On Mon, 25 Nov 2019 11:32:07 +0200 Marko Mäkelä <marko.makela@mariadb.com> wrote:
I also found a claim that POWER8 supports unaligned access,
This is correct (for the normal cacheable memory (i.e. not device IO mapped - so not applicable to mariadb))
and I seem to remember that the latest version of the SPARC introduced support for that as well. (IA-32 and AMD64 have always supported unaligned access, except for some SIMD operations.)
Last, I believe that we could get some performance benefits if include/byte_order_generic.h was rewritten in a suitable way. Ideally, include/byte_order_generic_x86_64.h would be replaced with a portable version of both, and compilers could simply perform the optimizations. I have been told that replacing the + in the macros with | could already be a good start. I would welcome patches in this area.
I've never managed to get the time to look at these however a non-aligned version for non-common arches seems a better way to model this.
Related note: Maybe a year ago, I was positively surprised to learn that the InnoDB monster function mach_read_from_4() is being translated into a single 80486 BSWAP instruction, or an AMD64 MOVBE instruction.
Yes, compilers are getting pretty good as are libc implementations of occasionally re-invented code (threads, mutexes, copy functions etc.). Daniel Black IBM Power systems
Hi Daniel, On Tue, Nov 26, 2019 at 2:02 AM Daniel Black <daniel@linux.ibm.com> wrote:
On Mon, 25 Nov 2019 11:32:07 +0200 Marko Mäkelä <marko.makela@mariadb.com> wrote:
I also found a claim that POWER8 supports unaligned access,
This is correct (for the normal cacheable memory (i.e. not device IO mapped - so not applicable to mariadb))

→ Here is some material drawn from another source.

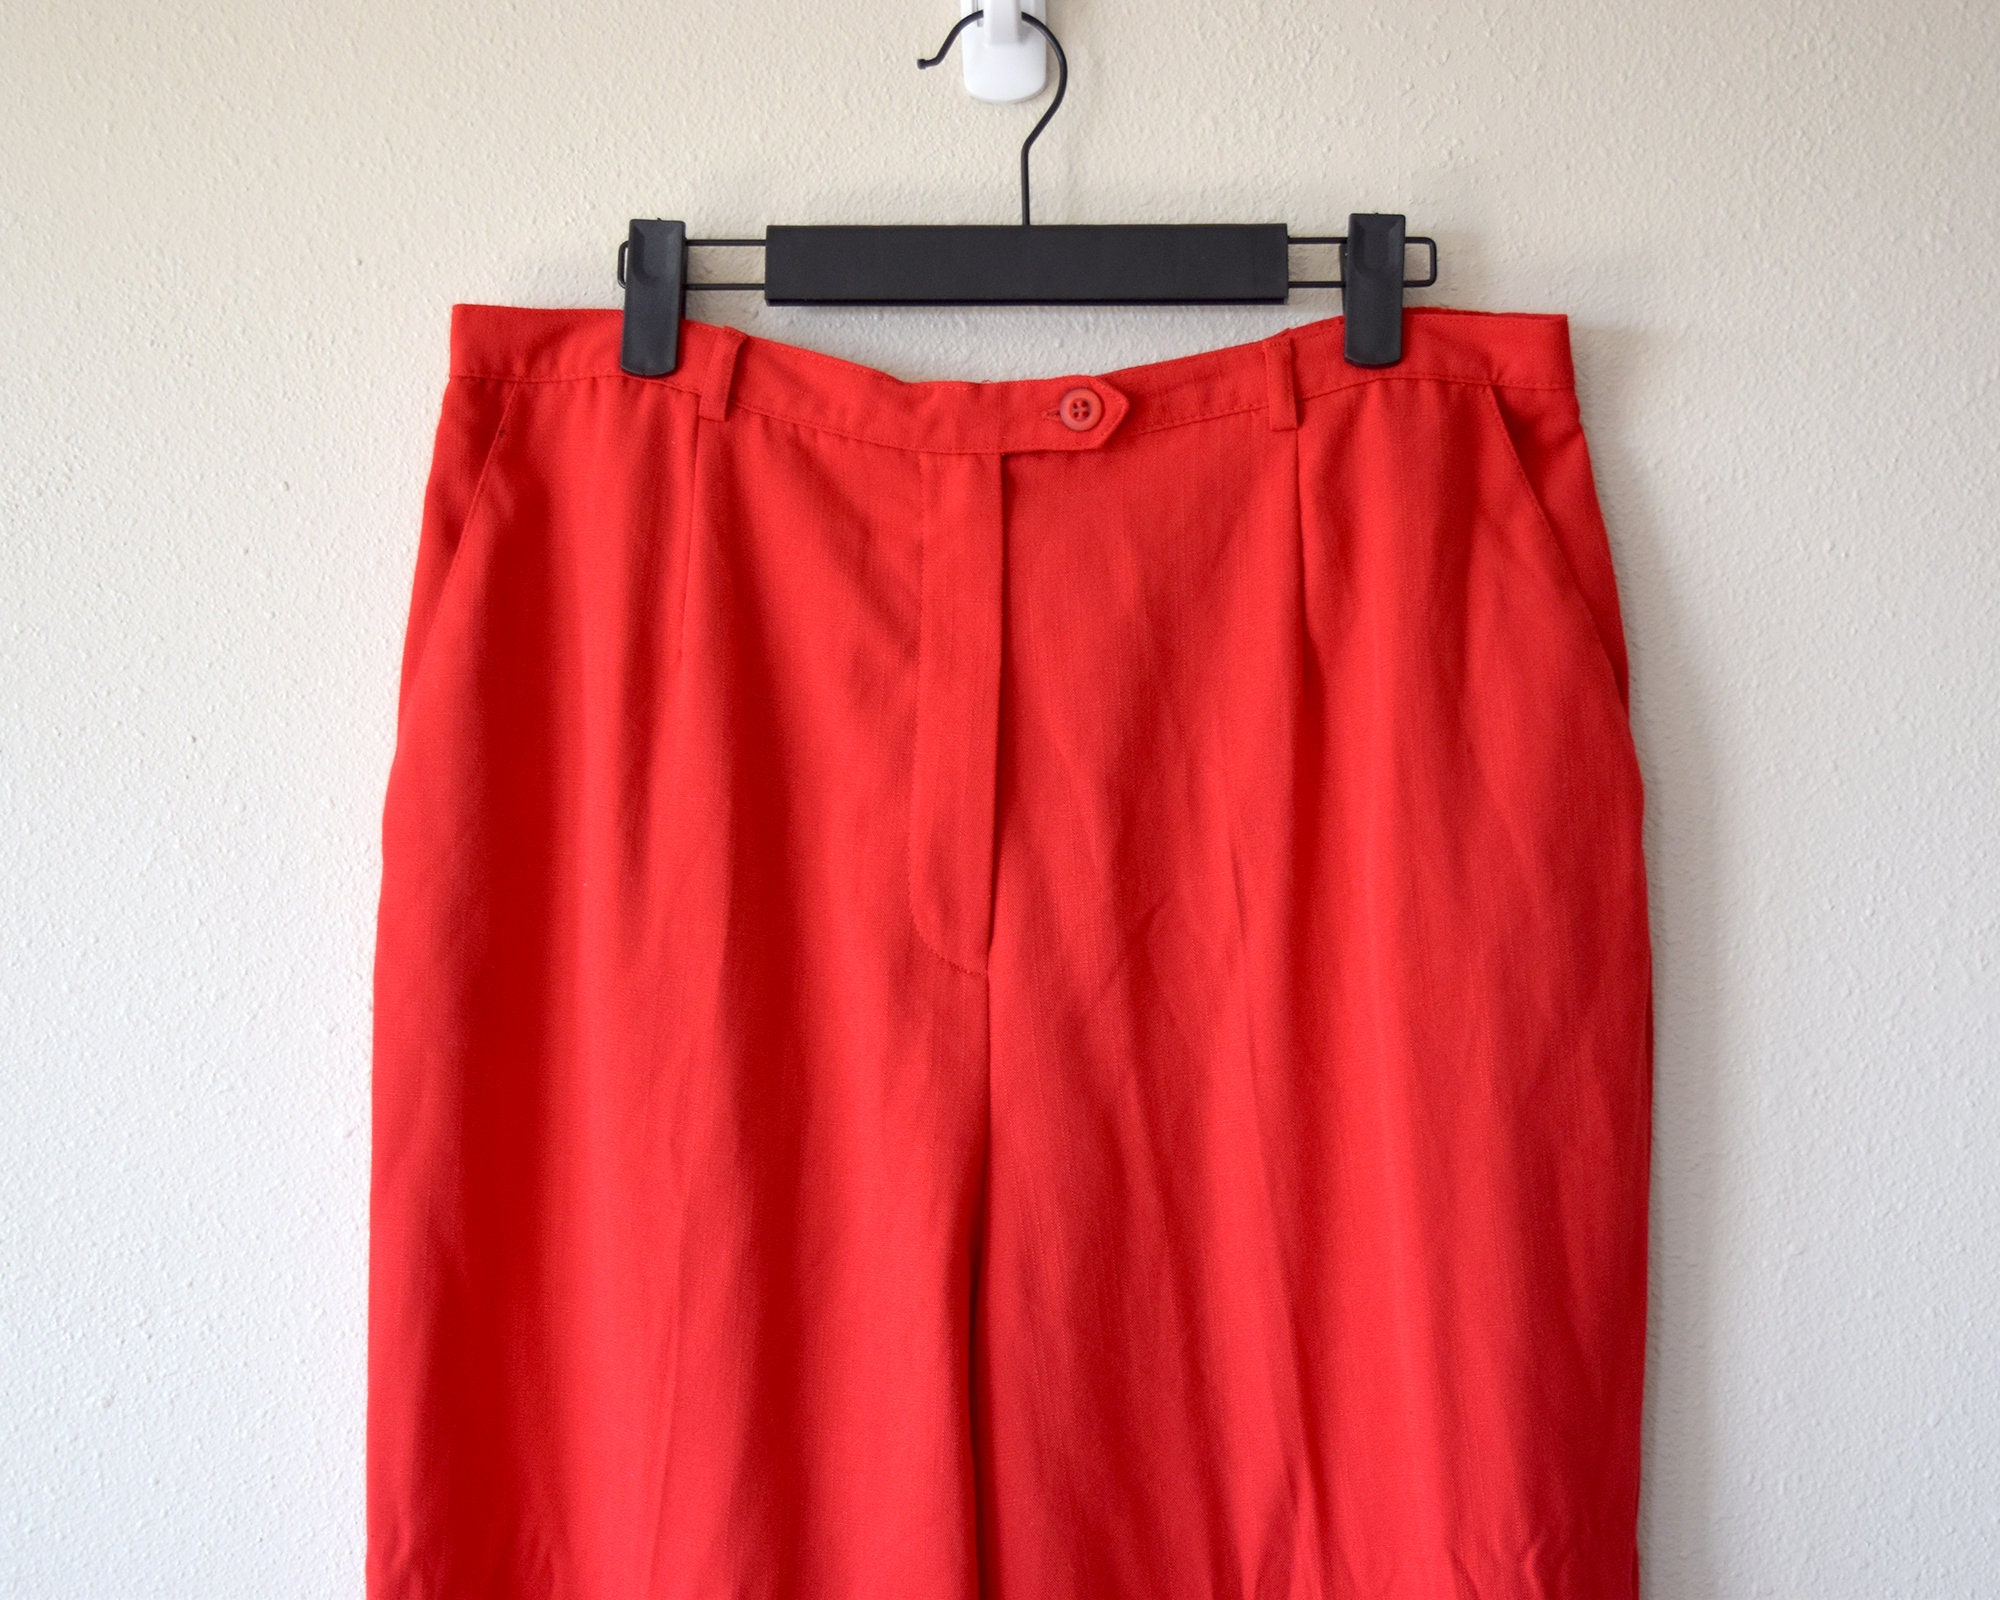 Vintage Wide Leg Pants Bright Red Trousers Size 16 | Etsy

and I seem to remember that the latest version of the SPARC introduced support for that as well. (IA-32 and AMD64 have always supported unaligned access, except for some SIMD operations.)
Last, I believe that we could get some performance benefits if include/byte_order_generic.h was rewritten in a suitable way. Ideally, include/byte_order_generic_x86_64.h would be replaced with a portable version of both, and compilers could simply perform the optimizations. I have been told that replacing the + in the macros with | could already be a good start. I would welcome patches in this area.
I've never managed to get the time to look at these however a non-aligned version for non-common arches seems a better way to model this.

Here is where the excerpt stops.